Die Zahl der in der Landeskirche registrierten Personen nimmt von Jahr zu Jahr stetig und gleichmäßig ab, laut der Registrierung des Nationalen Registers vom letzten Dezember waren jedoch insgesamt 225.902 Personen in der Kirche registriert. Zwischen den Jahren ist die Zahl der in der Landeskirche registrierten Personen um 1567 zurückgegangen.
Im Jahr 2019 waren 65,2 % der Bevölkerung in der Landeskirche registriert, im Jahr 2020 waren es 62,3 %, im Jahr 2021 61 %, im Jahr 2022 59,1 % und nun im Dezember dieses Jahres sind es 56,7 %.
Anstieg der Zahl der Katholiken
Die katholische Kirche in Island ist im Laufe des Jahres mit rund 468 Personen am stärksten gewachsen, was einer Steigerung von etwa 3,2 % entspricht. Siðmennt wuchs um 445 Personen, der proportional größte Anstieg war jedoch bei der Íslands Physiological Society zu verzeichnen, nämlich um 193 % mit etwa 85 Personen in der Gesellschaft.
Eine generelle Zunahme der Gruppe derjenigen, die sich einer anderen Religions- und Lebensanschauungsvereinigung als der Landeskirche anschließen, lässt sich nicht feststellen. Etwa 15 % der Bevölkerung des Landes gehören zu dieser Gruppe, und diese Zahl ist seit 2019 ziemlich stabil geblieben.

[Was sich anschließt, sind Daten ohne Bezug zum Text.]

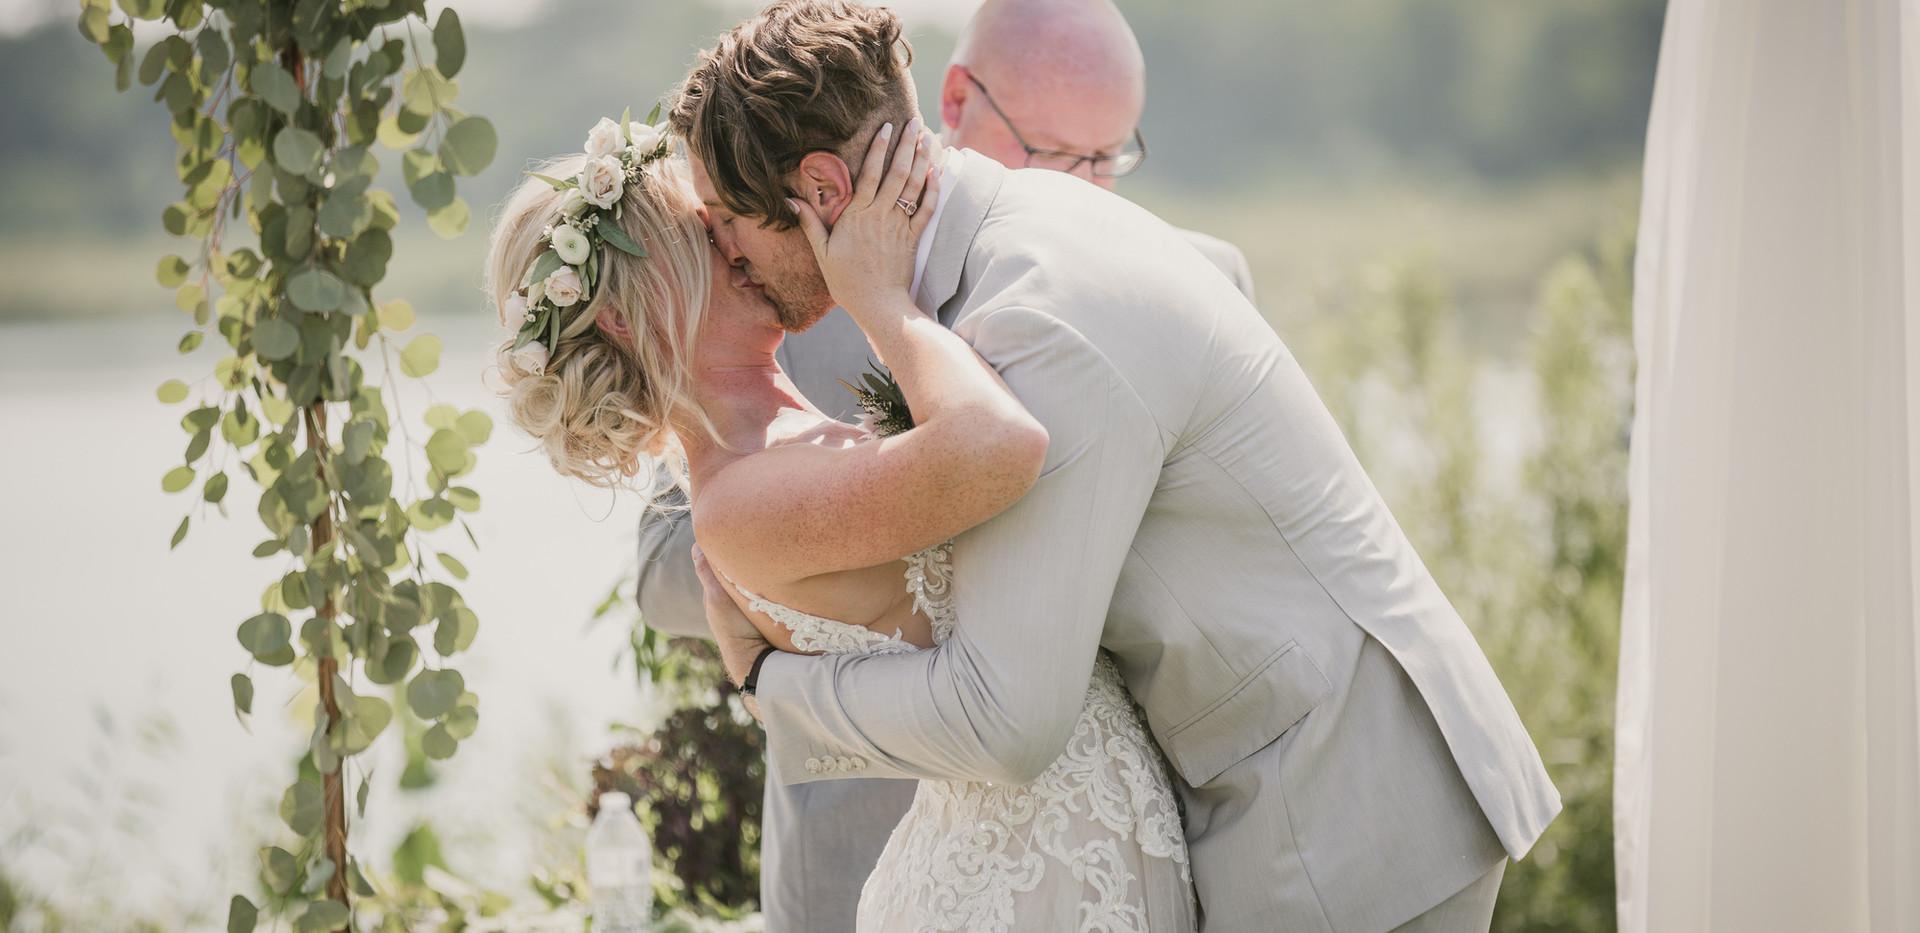 Intimate Wedding Photographers.jpg

Die Zahl der Schwarzen steigt
Die Zahl der Personen, die sich außerhalb einer religiösen und lebensbeobachtenden Vereinigung ausdrücklich registriert haben, ist im Vergleich zum Vorjahr um 2,5 % gestiegen und umfasst 30.557 Personen. Insgesamt identifizieren sich 82.795 Personen nicht mit einer religiösen Organisation oder einer Lebensbeobachtungsorganisation, und in dieser Gruppe ist von Jahr zu Jahr ein Anstieg zu verzeichnen.
So waren im Jahr 2019 13 % der Landesbevölkerung außerhalb eines Religions- und Lebenskontrollverbandes registriert, im Jahr 2020 waren es 15 %, im Jahr 2021 16,1 %, im Jahr 2022 18,2 % und in diesem Jahr 20,8 %.